I didn't go far! I was out in a canyon between the Spanish Peaks in Southwest Colorado. No cell phone reception! Great place to get away for a while! I did a lot of shooting, collected some forks, and made a natty for a 6-year-old neighbor who is a natural shooter. 
Three grandkids visited the cabin from time to time while I was there, but Heck, you guys know I missed you every day. LOL!


----------



## Tag (Jun 11, 2014)

Glad you are doing well


----------



## Cass (Nov 16, 2020)

Nice! No cell phone!!! Great break


----------



## Sean Khan (Mar 27, 2020)

KawKan said:


> No cell phone reception!


And that's a good thing??? 

I would jump off a cliff to get back cell phone reception ..... 🤣


----------



## Reed Lukens (Aug 16, 2020)

KawKan said:


> Hey, @SteveJ !
> I didn't go far! I was out in a canyon between the Spanish Peaks in Southwest Colorado. No cell phone reception! Great place to get away for a while! I did a lot of shooting, collected some forks, and made a natty for a 6-year-old neighbor who is a natural shooter.
> Three grandkids visited the cabin from time to time while I was there, but Heck, you guys know I missed you every day. LOL!


I'll be doing the same this weekend, we've been at our old cabin for a few weeks and I put in a cell phone booster here, but there's no boosting anything from the old gold mine at the bottom of the canyon, I do love the deep woods 🍻


----------



## cromag (Jan 17, 2021)

I enjoy the vids Kawkan has posted , they're informative and intended to be so instead of just getting face time on the net which seems to be a prime motivator for many.
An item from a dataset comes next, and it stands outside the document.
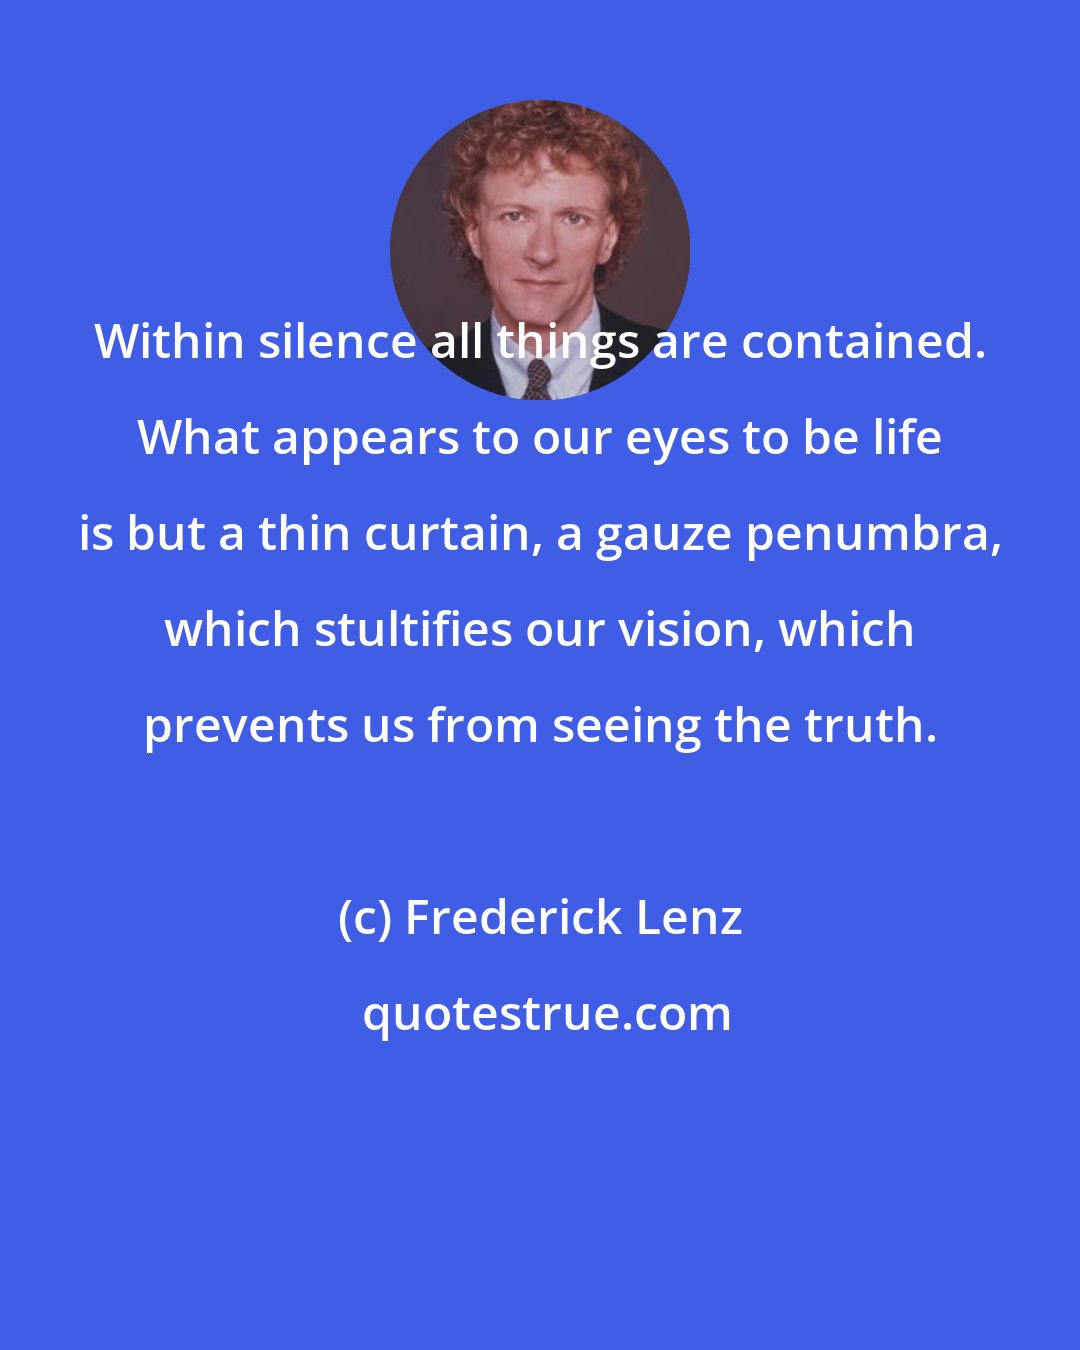 Frederick Lenz: Within silence all things are contained. What appears to our eyes to be life is but a thin curtain, a gauze penumbra, which stultifies our vision, which prevents us from seeing the truth.
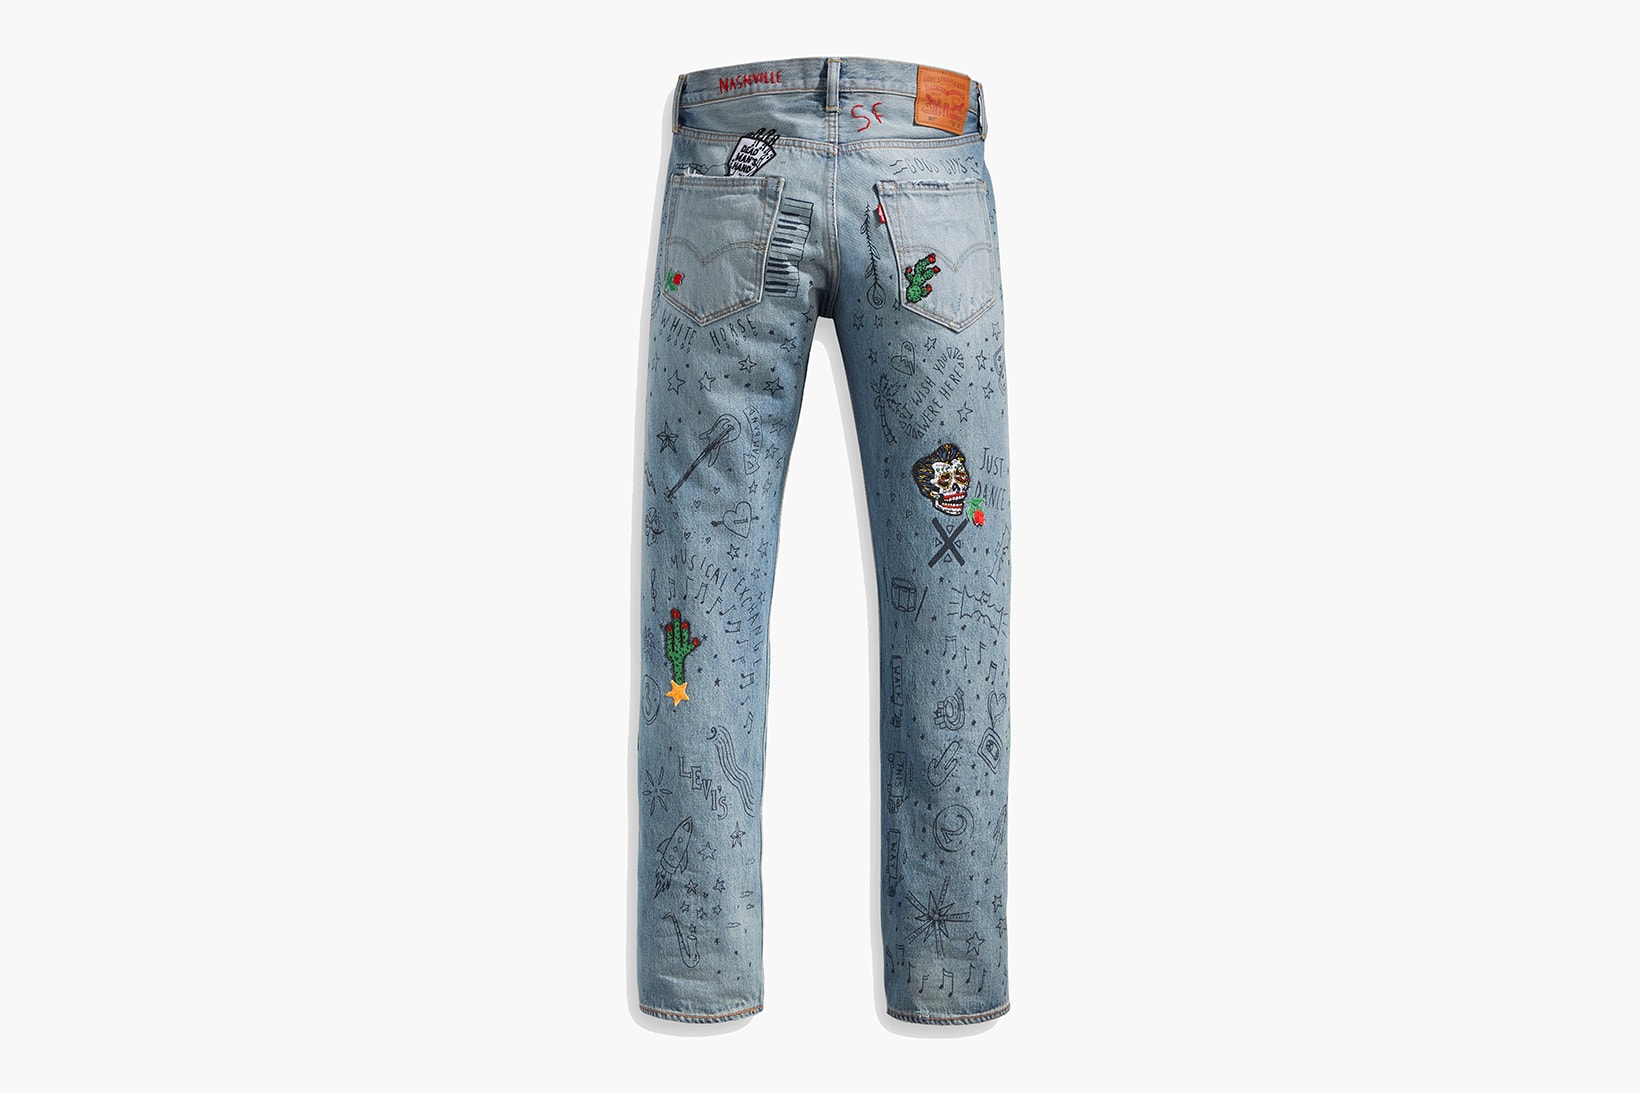 Levi's Release Capsule Collection to Celebrate 501 Day Jeans

The long intros and grating music so many post are not for the listeners benefit but for the poster's egos and I seldom get beyond the opening 10 seconds when that's the case. Like commercials on the tube , it's fast forward material.

Interesting thing the message boards on the net and how people tend to create personas or alter egos. Here and at the "Community" I don't see a great deal of that and enjoy reading both sites and accept the differences for what they are. The new format here was not much of an adjustment for me since few of the missing features were of interest to me to begin with and neither is trying to squeeze every bit of technology out of what a site offers, I still use a flip phone for less than an hour a month and won't be jumping off any cliffs to get a signal.

This site has a bit more activity than the other and I'm glad to see many faces like Ray's at both.


----------